Everything's gonna be A-OK
Oven Wrangler

QuarkJets posted:

You can always tell if it's a scam by whether they tell you "those other doctors just want to sell you pills". Of course these "doctors" just want you to get better, they'd never charge you for a service that you don't need!

This is really what it comes down to for nearly all of the poo poo in this thread. Big bad industry X is only there to deceive you and steal your money! It's all lies! Now if you'll just buy this book and our alternative product that costs twice as much you'll see much better results!

suck my woke dick
Oct 10, 2012

:siren:I CANNOT EJACULATE WITHOUT SEEING NATIVE AMERICANS BRUTALISED!:siren:

Put this cum-loving slave on ignore immediately!
So how come this thread isn't talking about the self-appointed ~tribunal against monsanto ecocide~ thing that's trying to be relevant by pretending it's real and in the general vicinity of Cop21? (intentionally linking to a lovely popsci "news" site instead of the tribunal website, no need to give them page views).

tl;dr: some OMG GMO panickers and people generally angry at something got together and are having a pretend international court where Monsanto gets "sued" (apparently without any defense whatsoever) for crimes against ecosystems, plants, people, and granola. People get confused and think Monsanto is actually getting sued in a real court.

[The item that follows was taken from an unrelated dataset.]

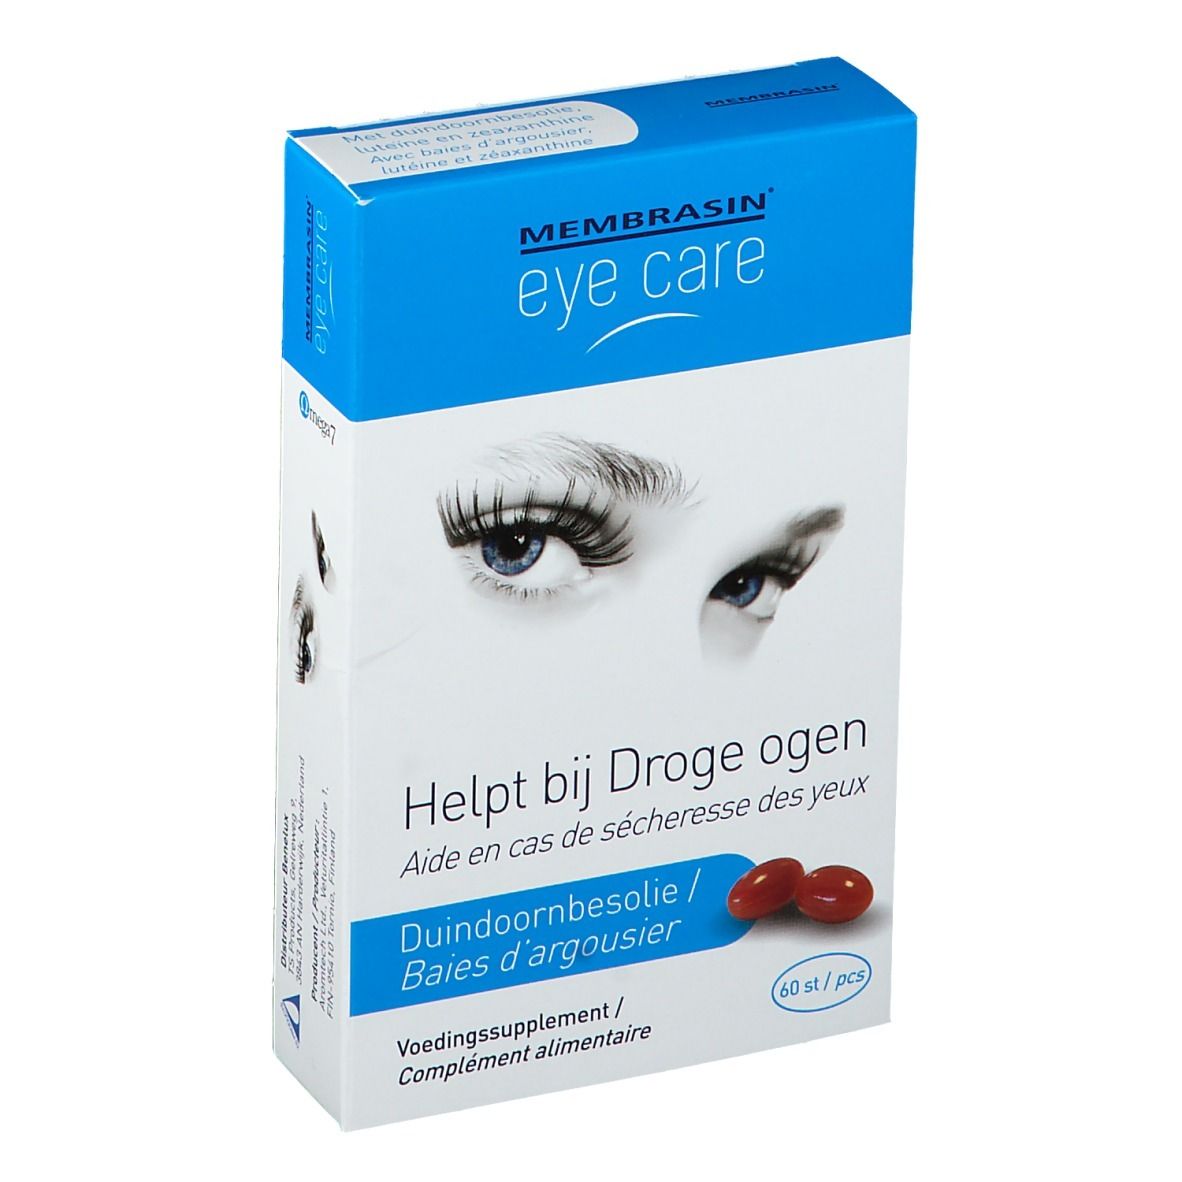 Membrasin® eye care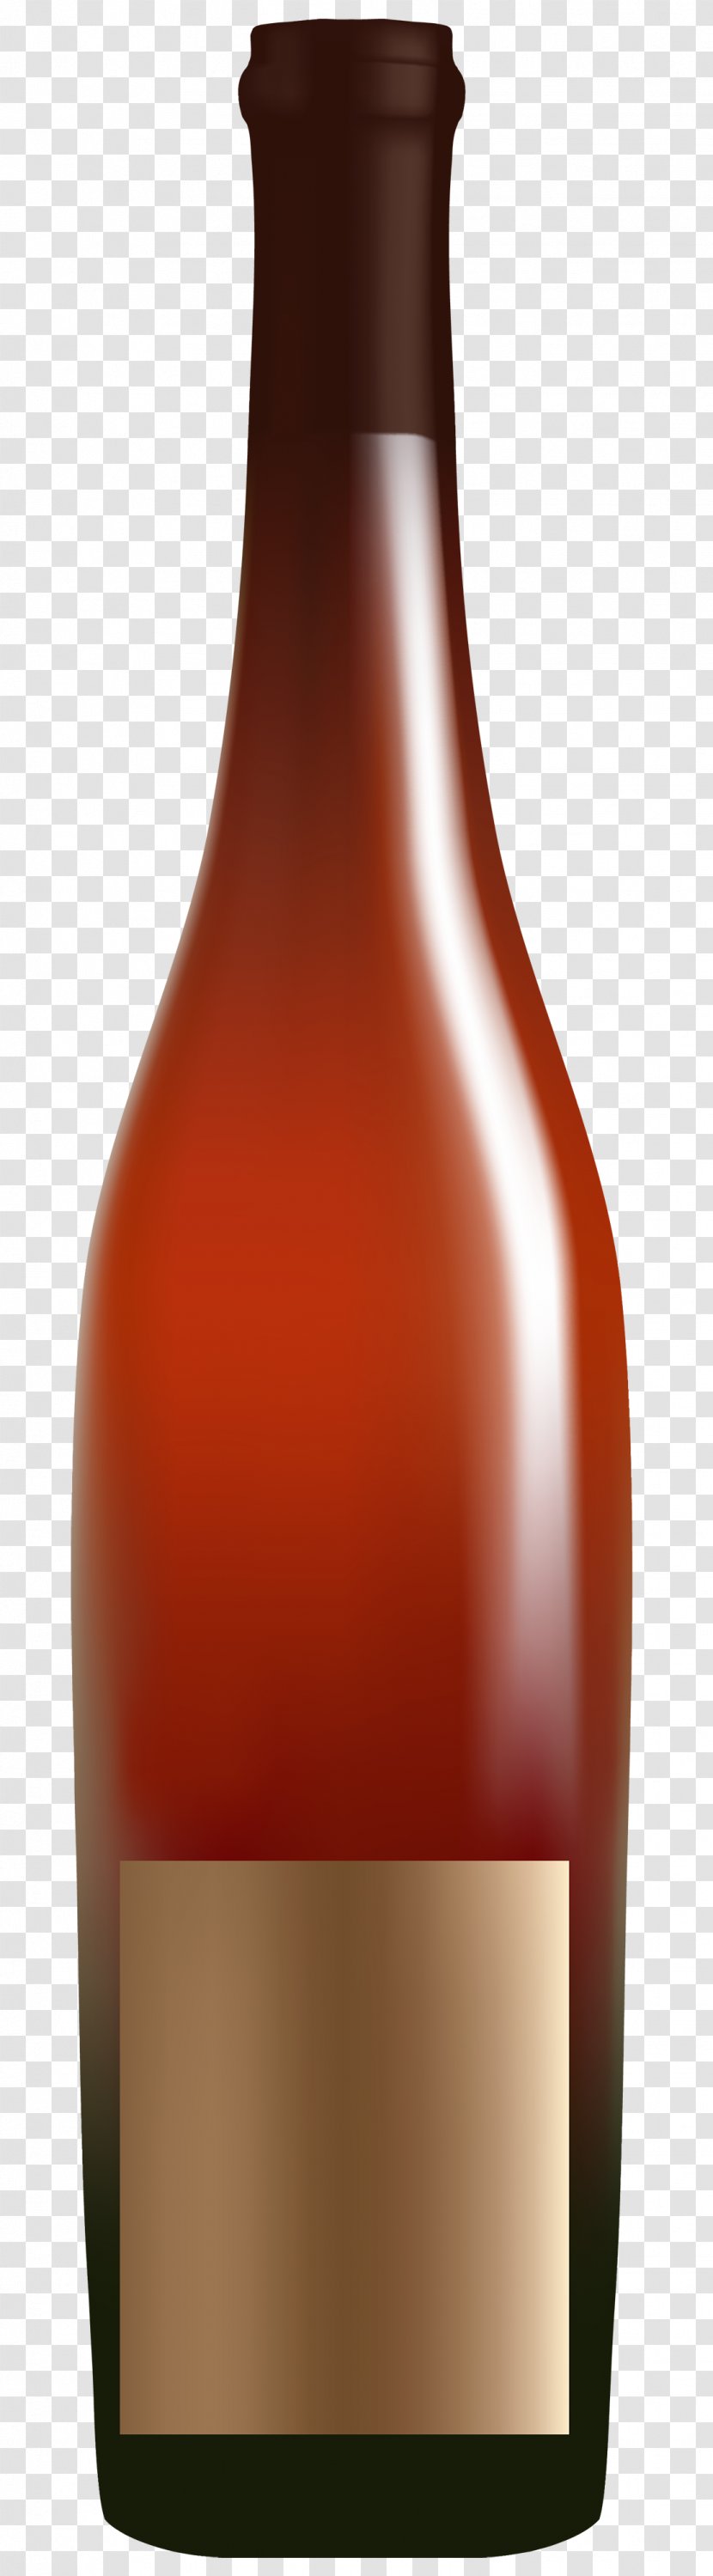 Distilled Beverage Beer Wine Bottle Bourbon Whiskey Transparent PNG

Oh and an actual sustainability project just posted this:

:laffo::laffo::laffo:

Absurd Alhazred
Mar 27, 2010

by Athanatos

blowfish posted:

So how come this thread isn't talking about the self-appointed ~tribunal against monsanto ecocide~ thing that's trying to be relevant by pretending it's real and in the general vicinity of Cop21? (intentionally linking to a lovely popsci "news" site instead of the tribunal website, no need to give them page views).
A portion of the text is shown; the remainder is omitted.